■ DATA PROVIDED
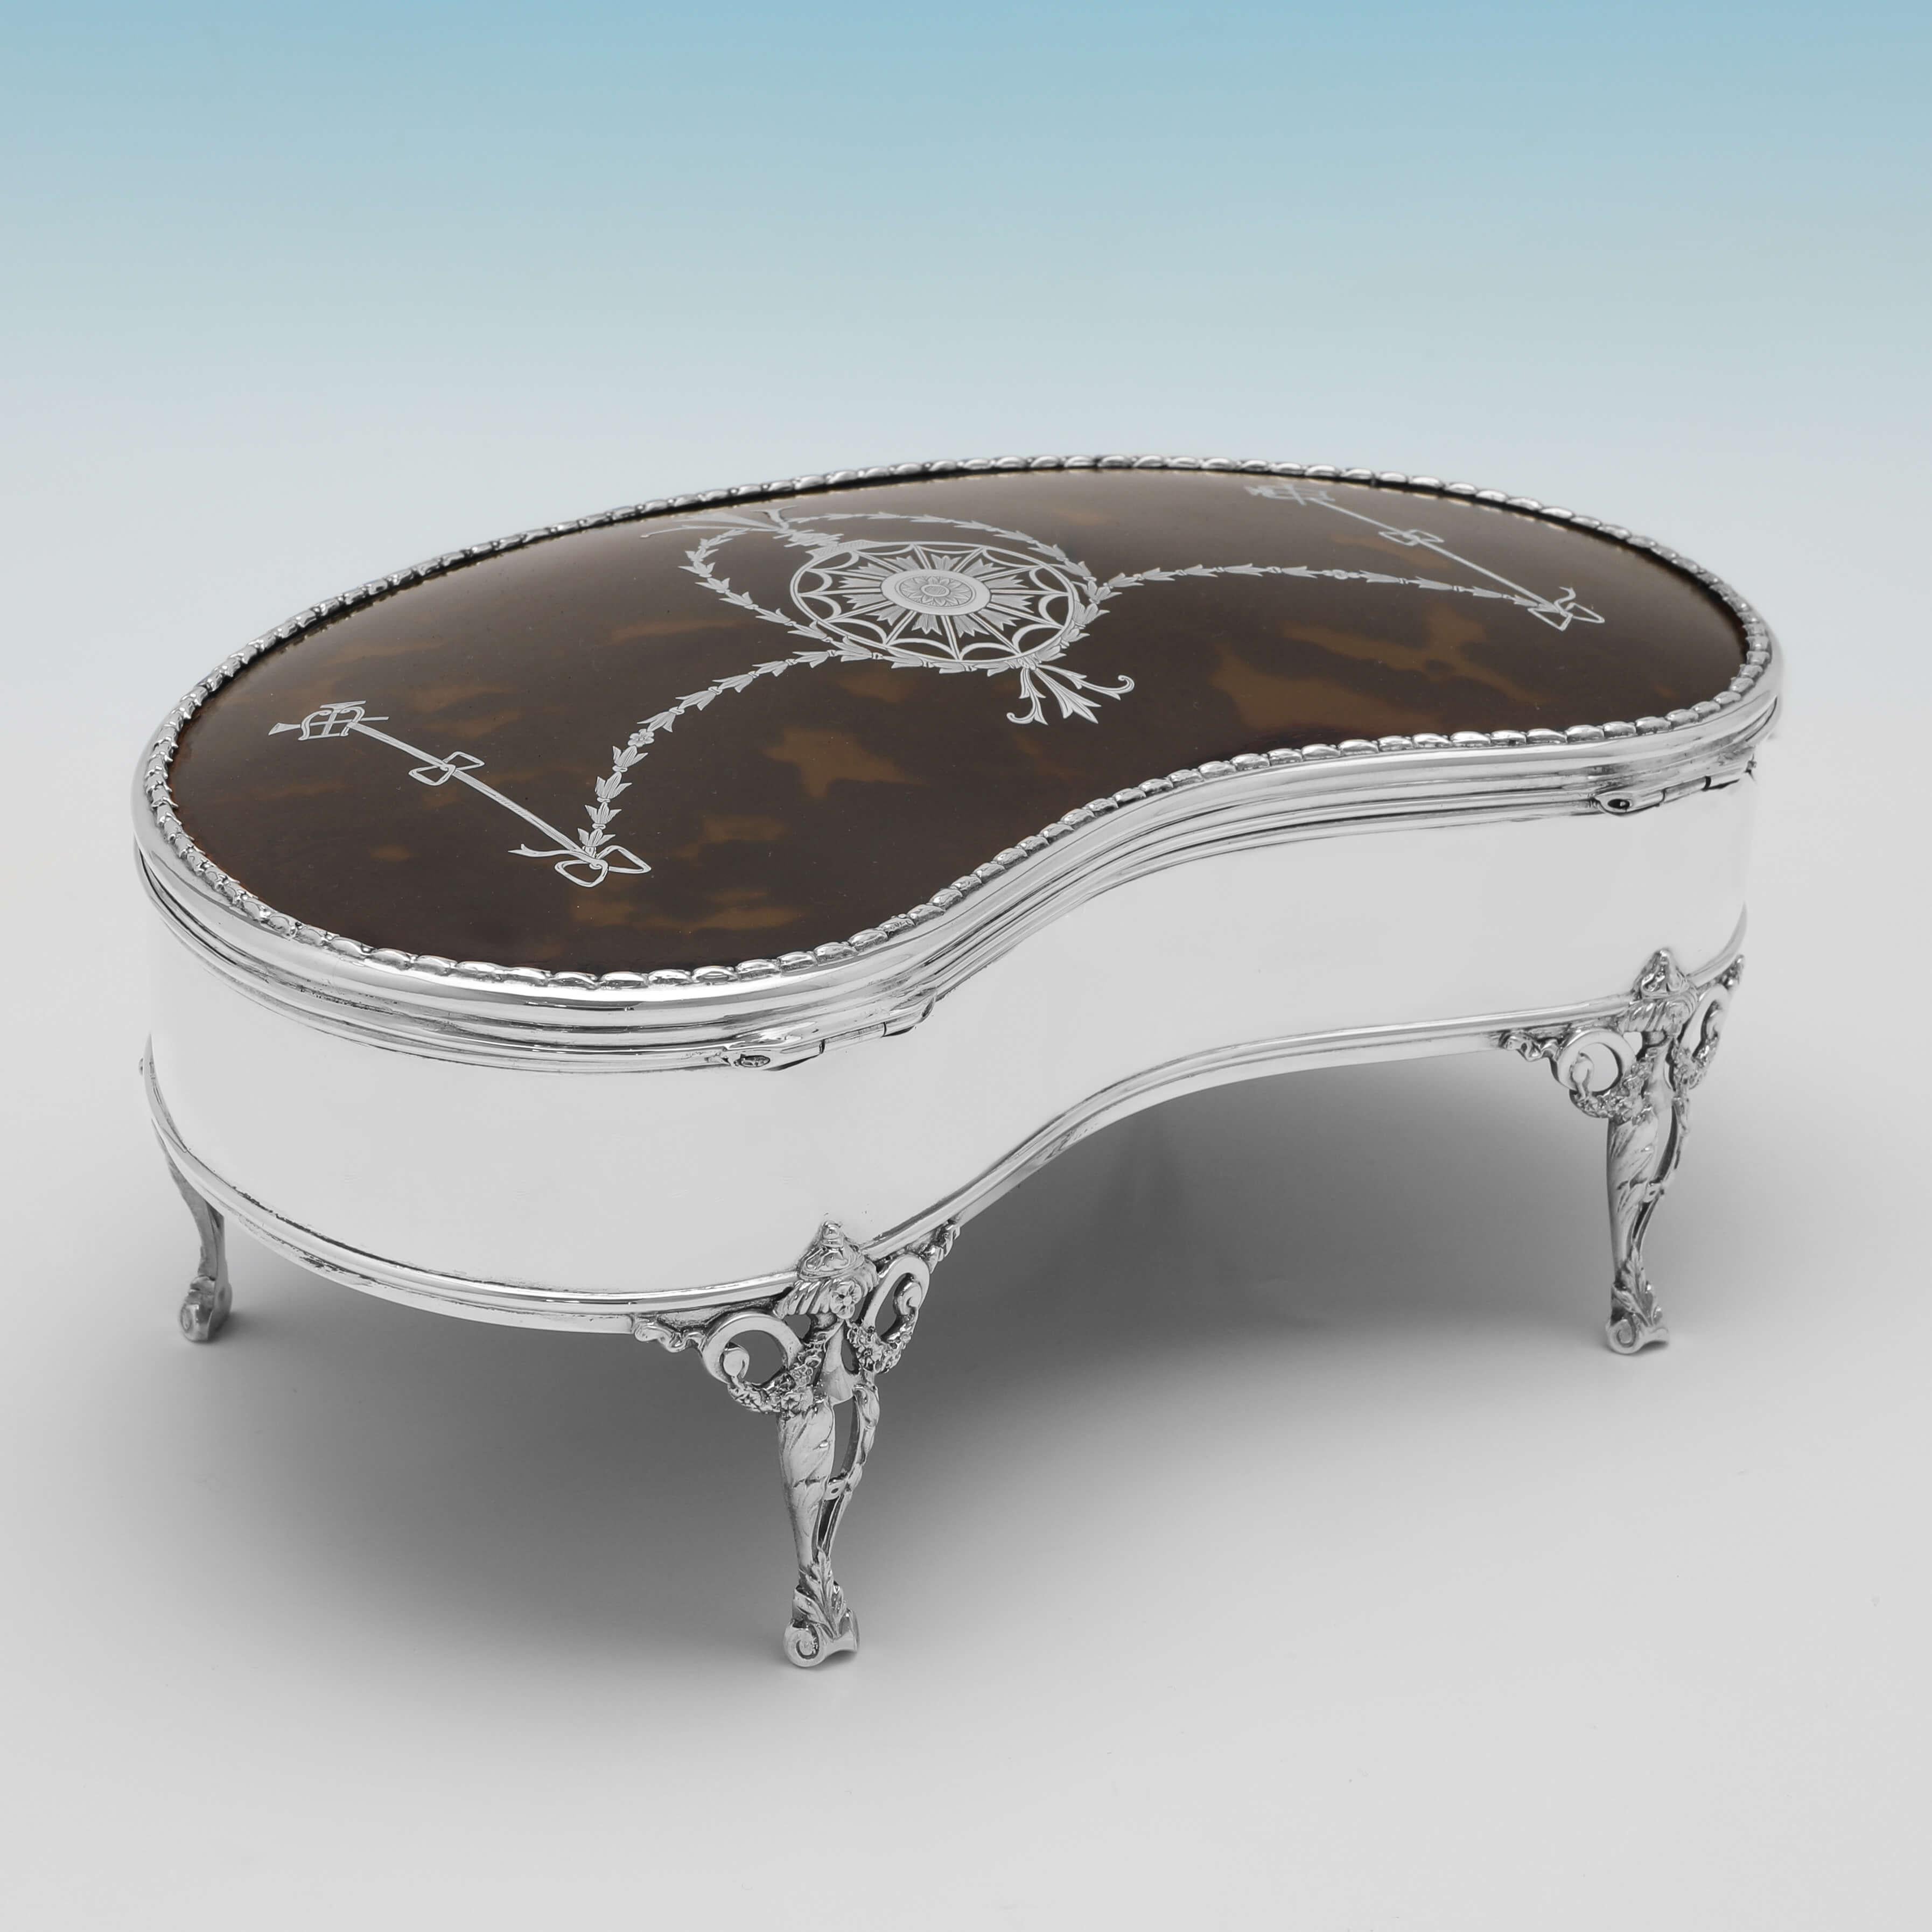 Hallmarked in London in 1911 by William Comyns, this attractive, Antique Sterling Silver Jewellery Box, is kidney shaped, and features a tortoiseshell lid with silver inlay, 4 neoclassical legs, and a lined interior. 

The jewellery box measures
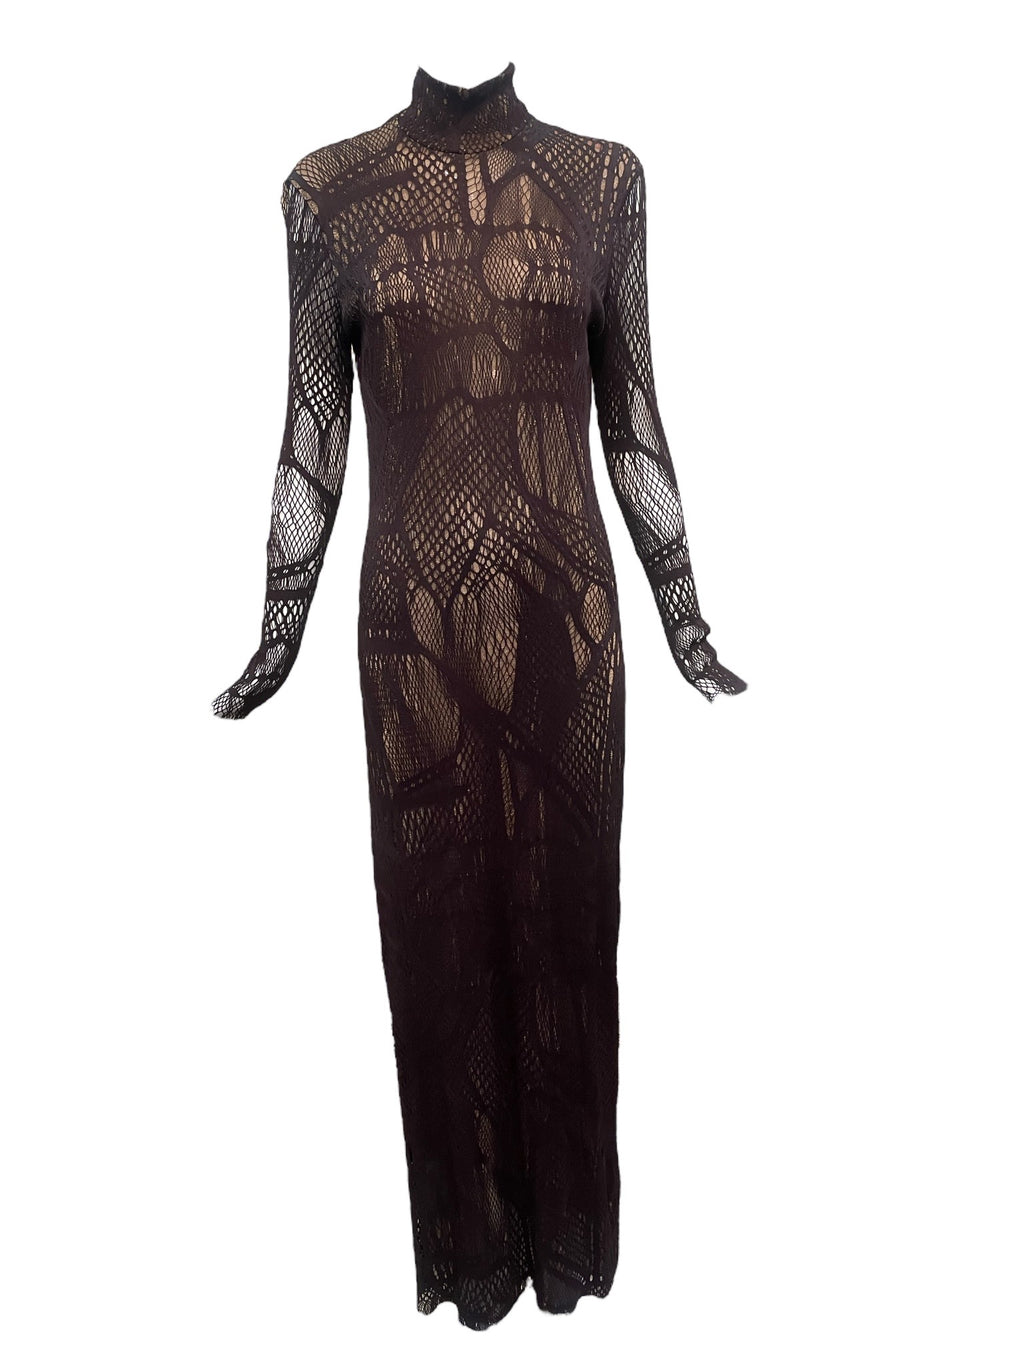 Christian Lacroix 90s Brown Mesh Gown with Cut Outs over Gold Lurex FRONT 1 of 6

■ EXERCISE DETAILS
Repeat word for word only the lines from the line holding "The jewellery box measures" to the final line of the material, both included. Don't carry over any picture.

■ REPLY
The jewellery box measures
 Christian Lacroix 90s Brown Mesh Gown with Cut Outs over Gold Lurex FRONT 1 of 6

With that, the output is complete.